* _Goal of the exercise_:
Please write out all of the data below exactly, without including the pictures.

* _Stored data_:
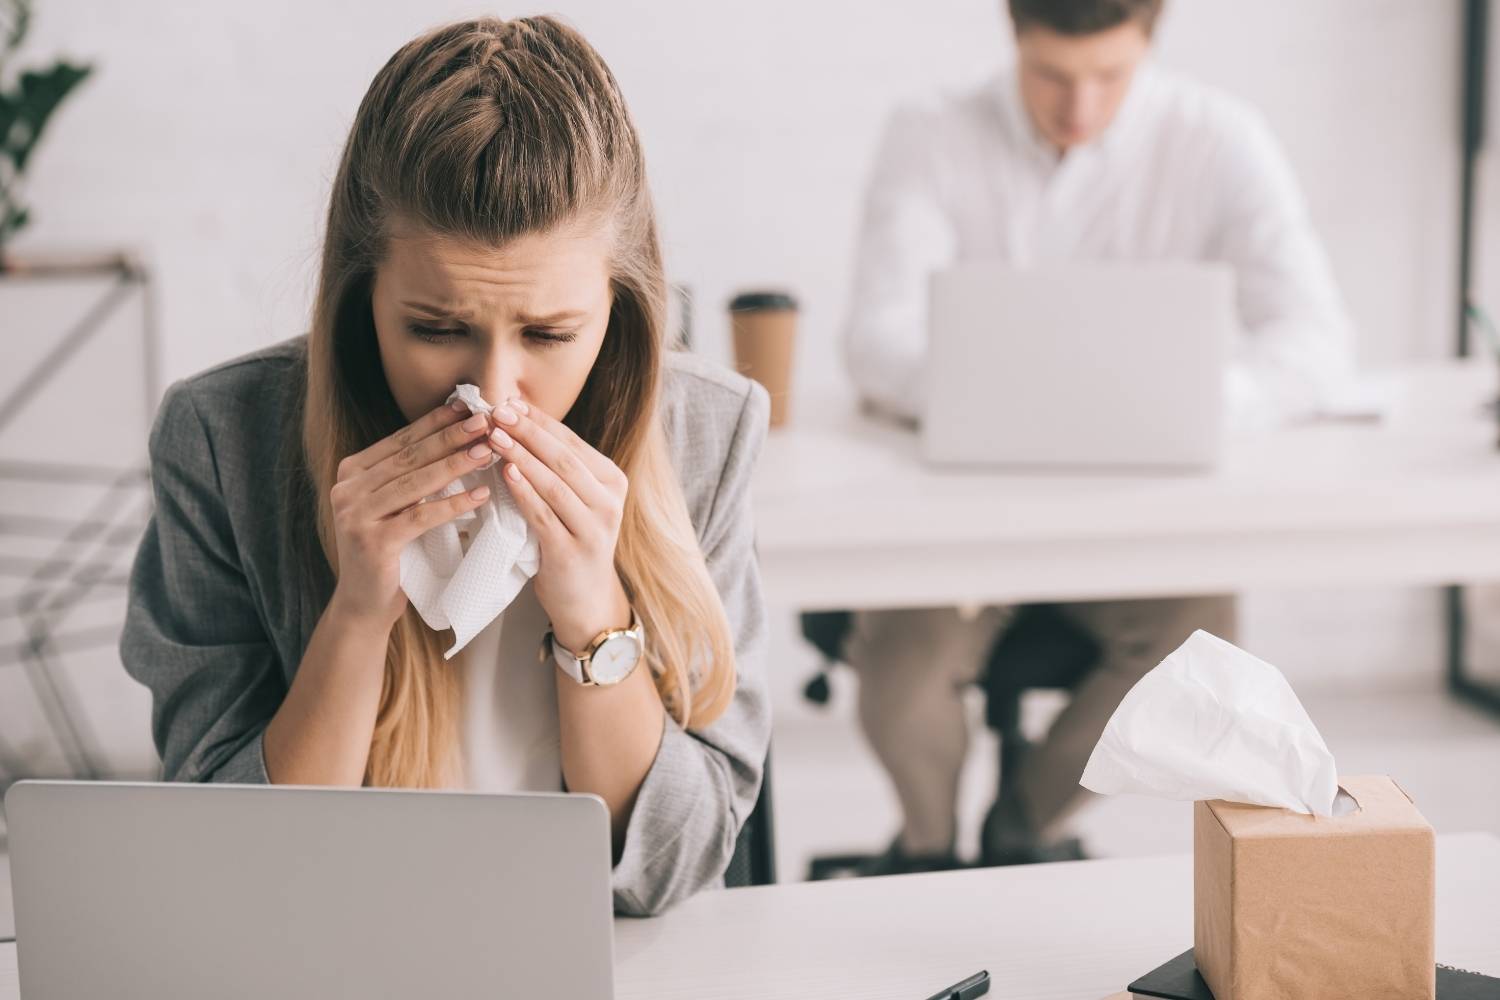 Preventing Germ Spread in the Workplace
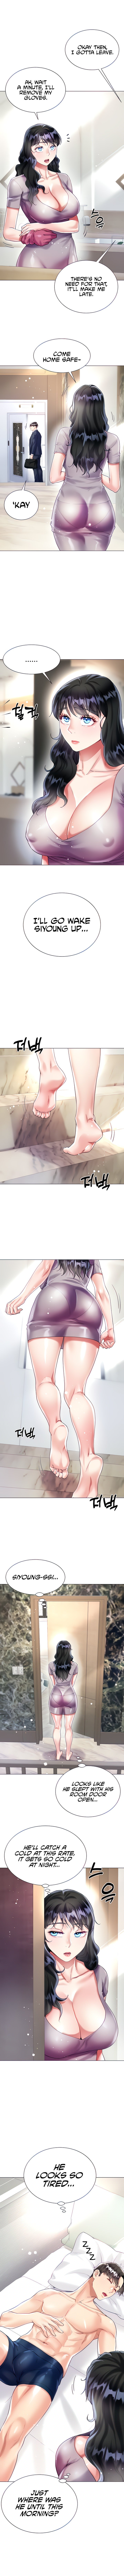 my-sister-in-laws-skirt-chap-21-2
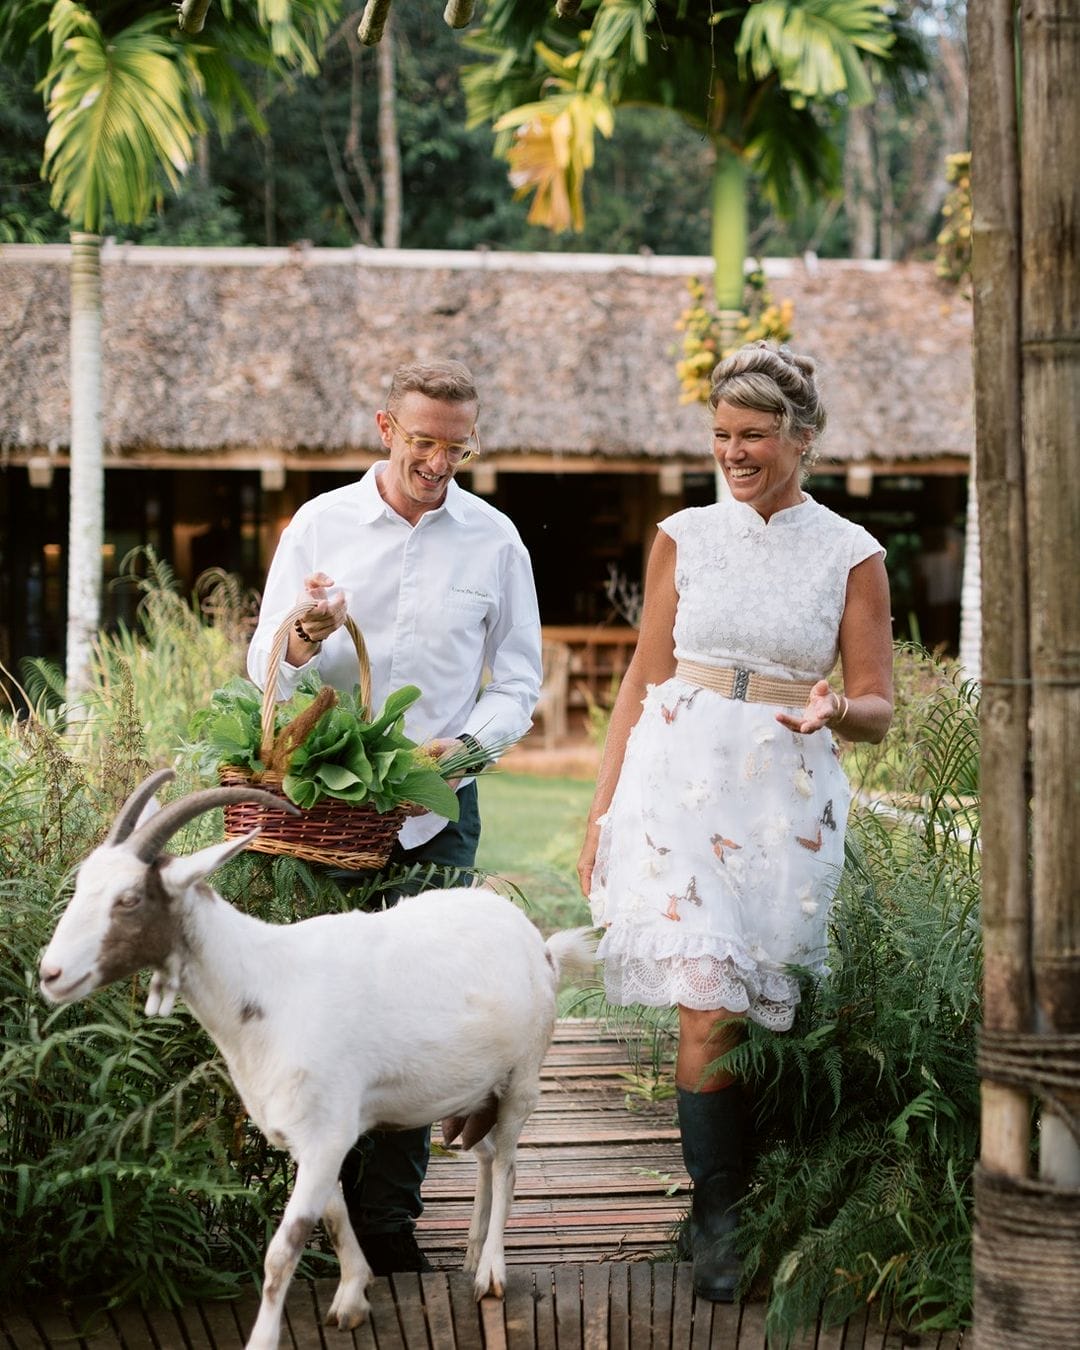 Rosewood Phuket Partners with Little Bukit Farm to Offer a Rustic Culinary Experience

* _Solution for this task_:
 Preventing Germ Spread in the Workplace
 my-sister-in-laws-skirt-chap-21-2
 Rosewood Phuket Partners with Little Bukit Farm to Offer a Rustic Culinary Experience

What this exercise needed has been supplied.